__WHAT TO PRODUCE__: Under this line are records; the part from the line containing "CYCLING Mariehamn ALAND" through the line containing "Mahogany 18th Century" should be repeated exactly. Please exclude pictures.

__ENTRIES SHOWN__:
....

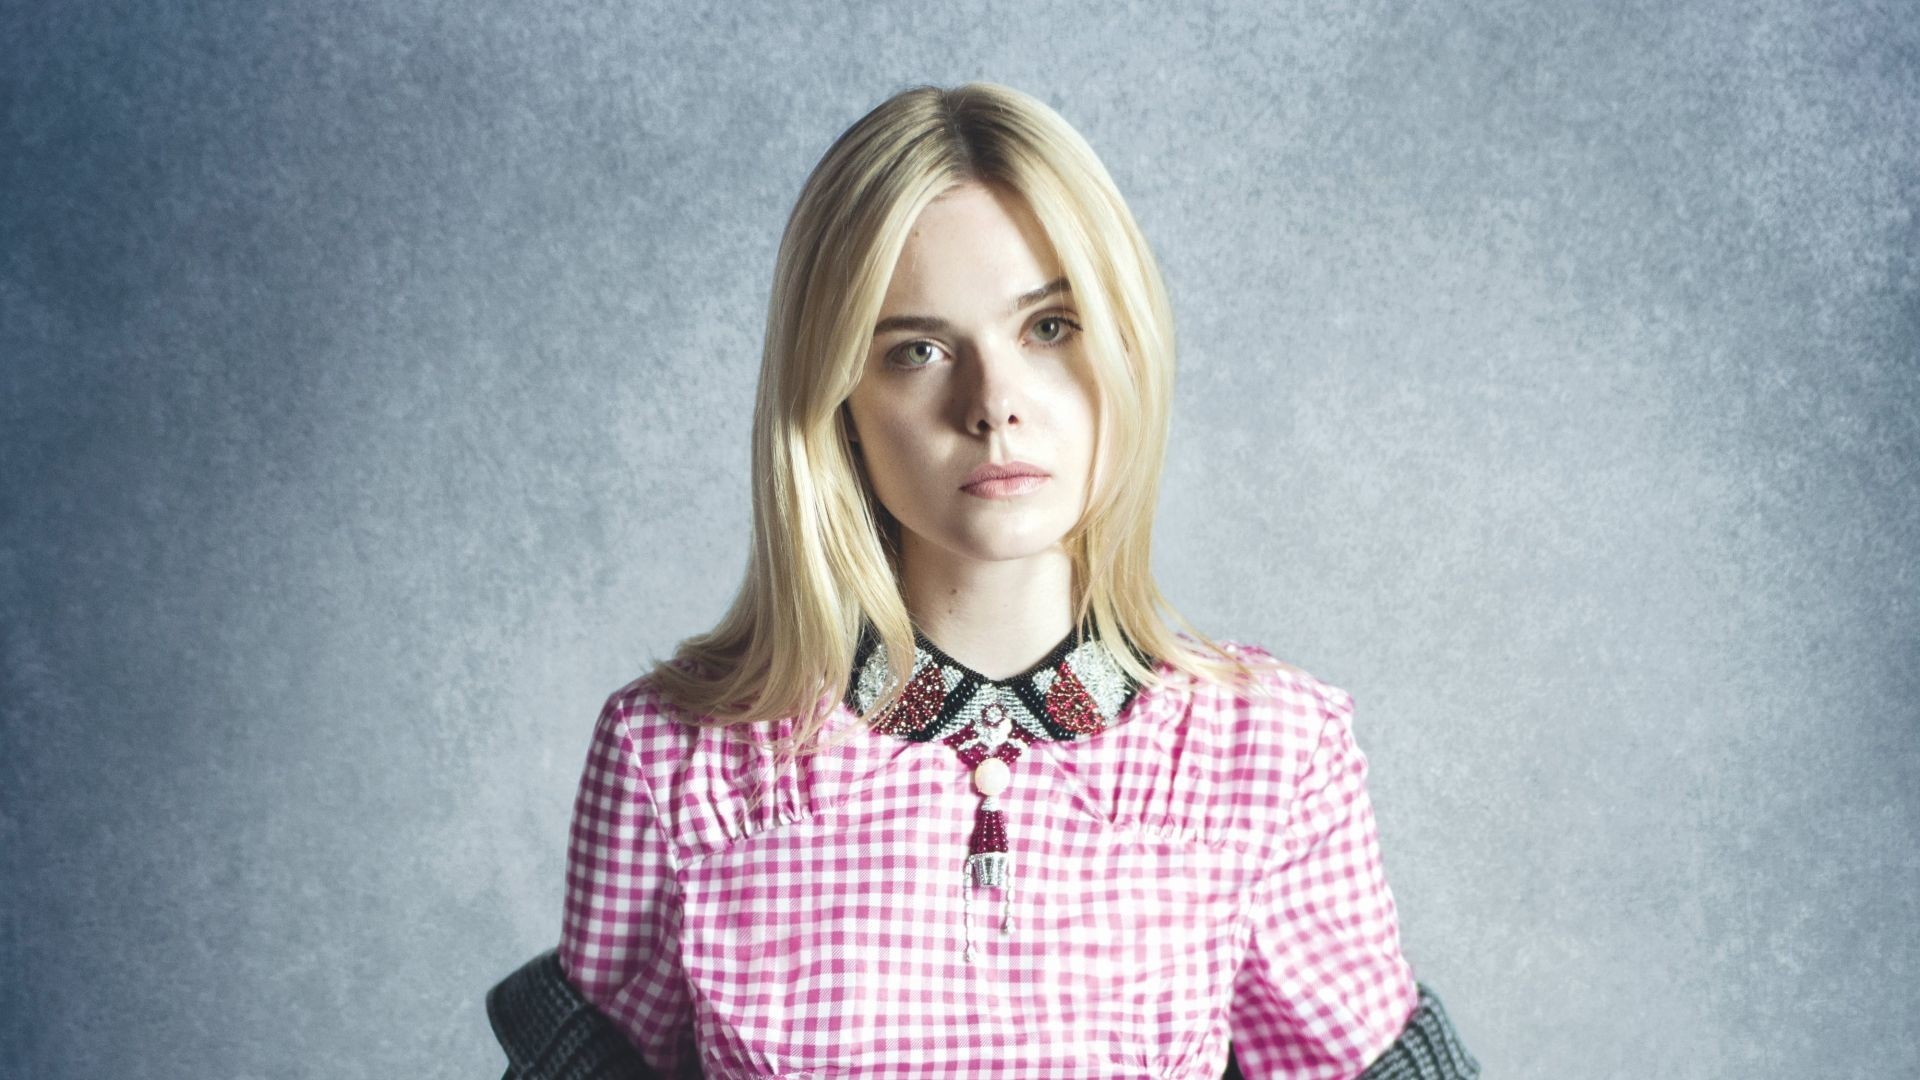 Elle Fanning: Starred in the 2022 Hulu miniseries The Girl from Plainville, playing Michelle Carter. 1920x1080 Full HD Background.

....

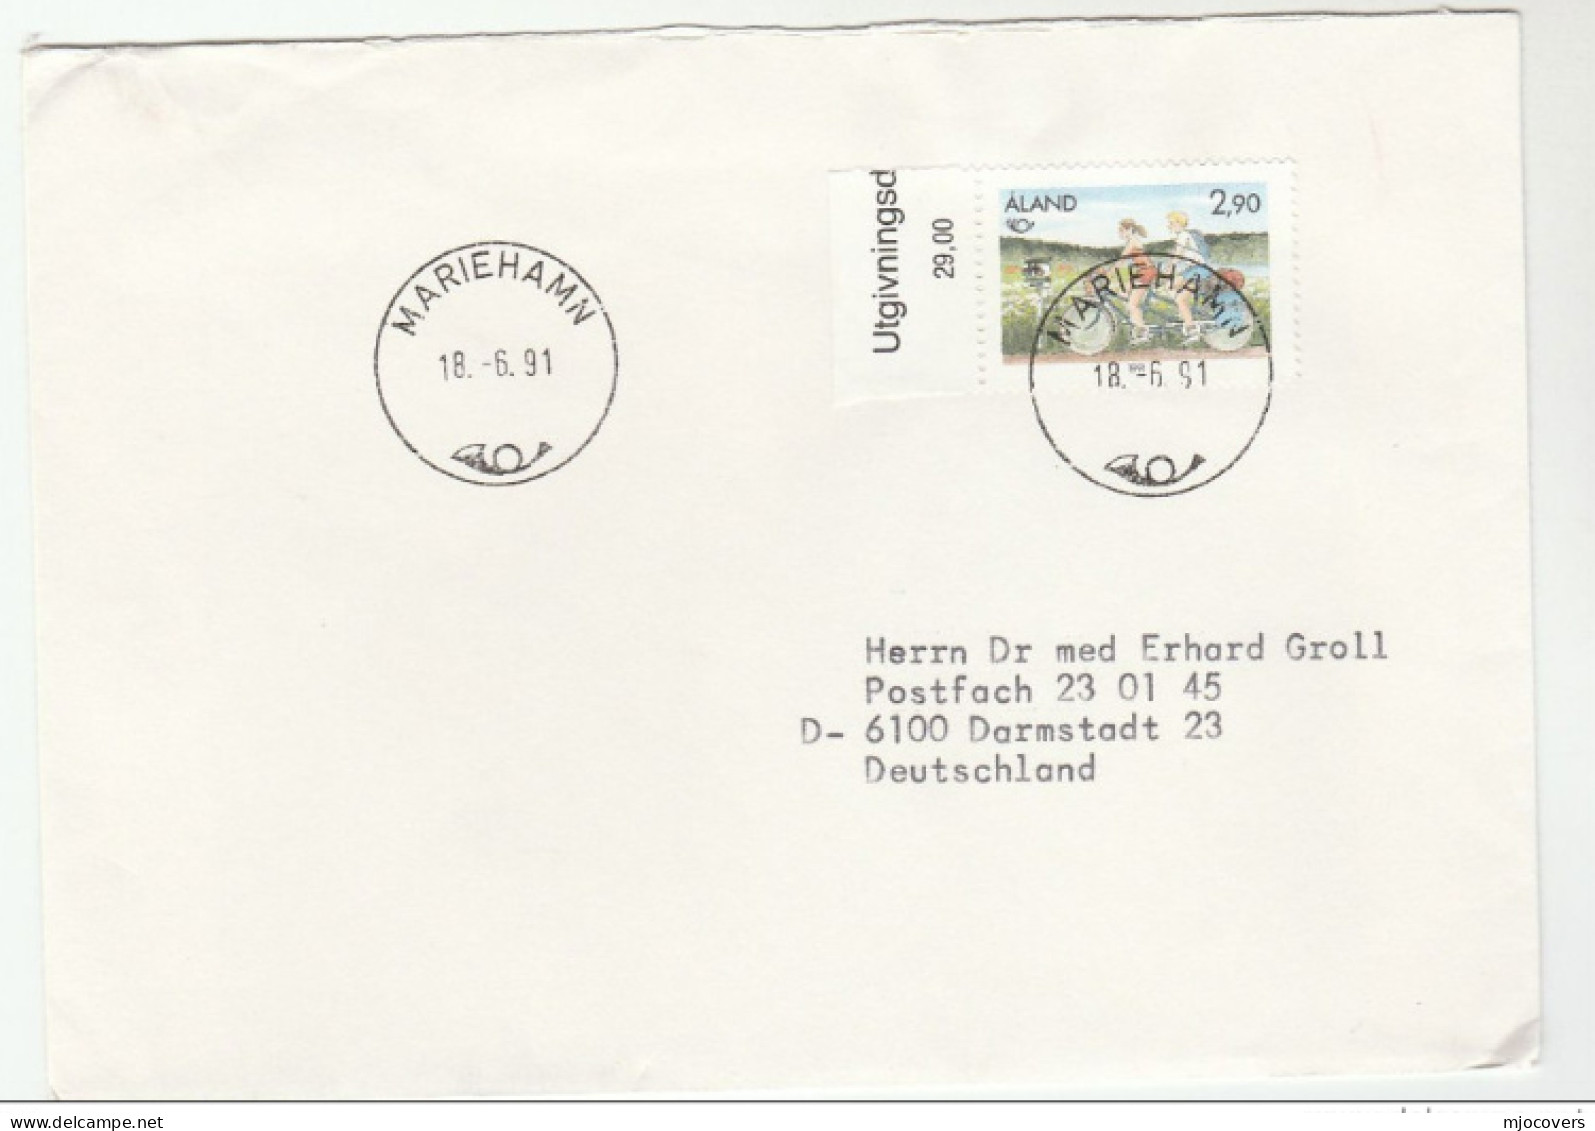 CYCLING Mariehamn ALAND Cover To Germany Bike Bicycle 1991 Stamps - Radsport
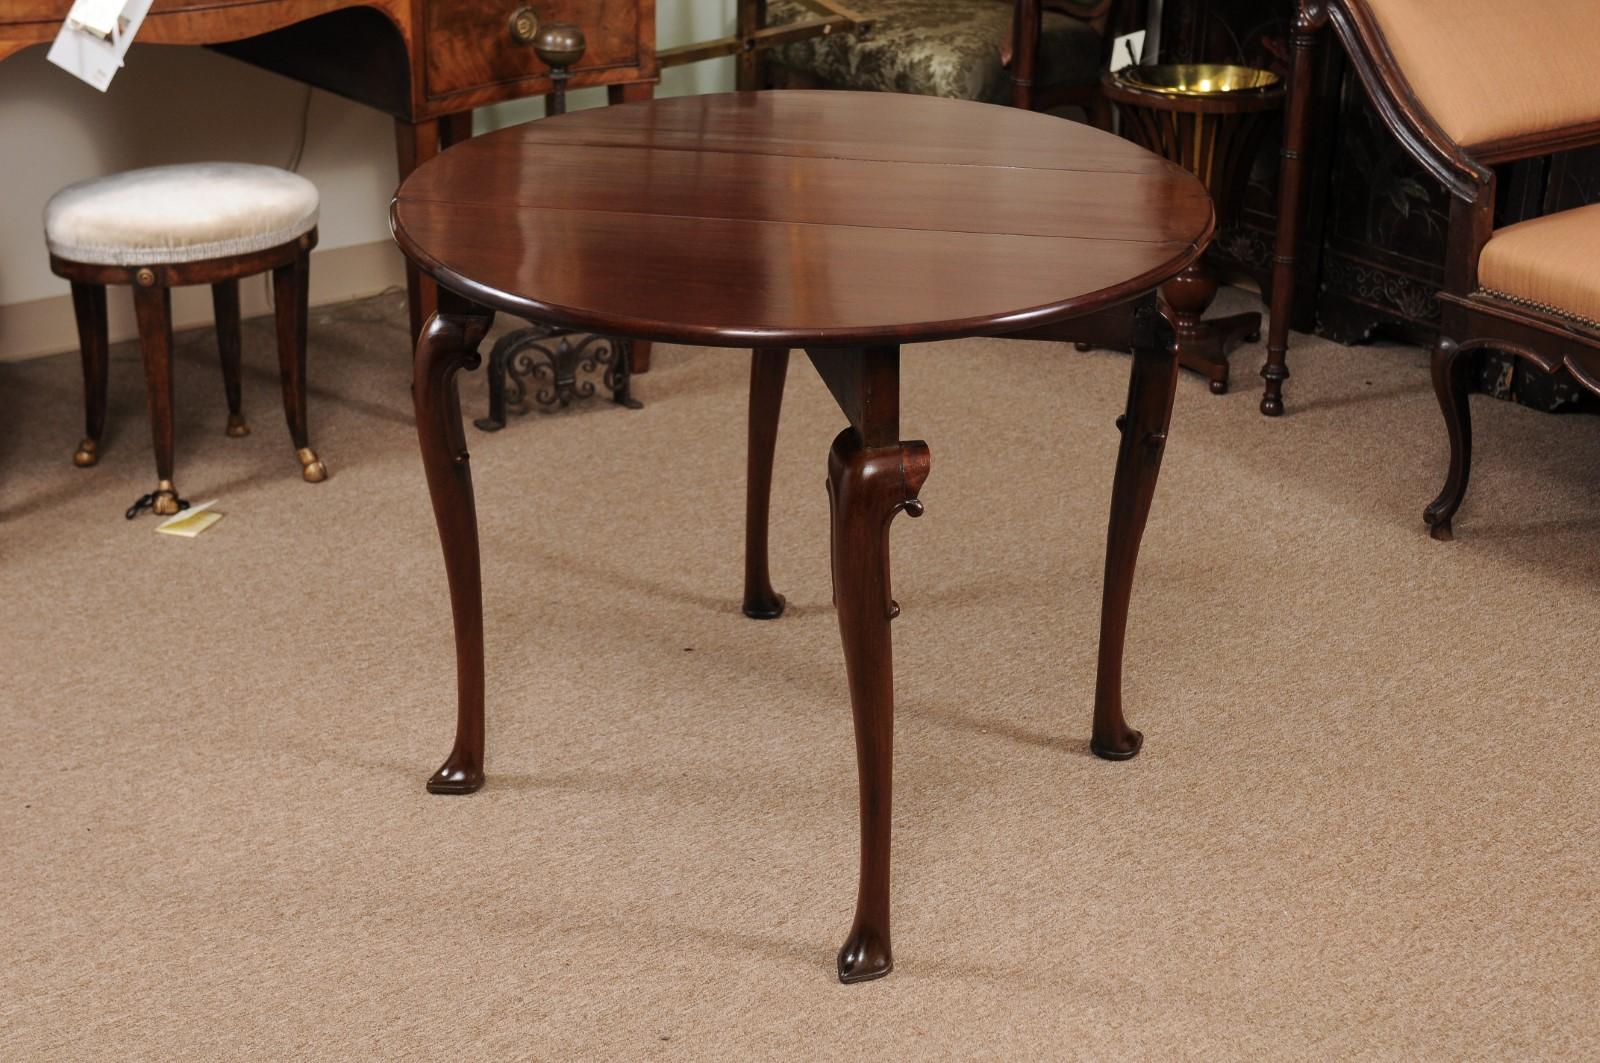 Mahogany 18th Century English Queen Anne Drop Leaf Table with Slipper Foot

....

__ANSWER__:
 CYCLING Mariehamn ALAND Cover To Germany Bike Bicycle 1991 Stamps - Radsport
 Mahogany 18th Century English Queen Anne Drop Leaf Table with Slipper Foot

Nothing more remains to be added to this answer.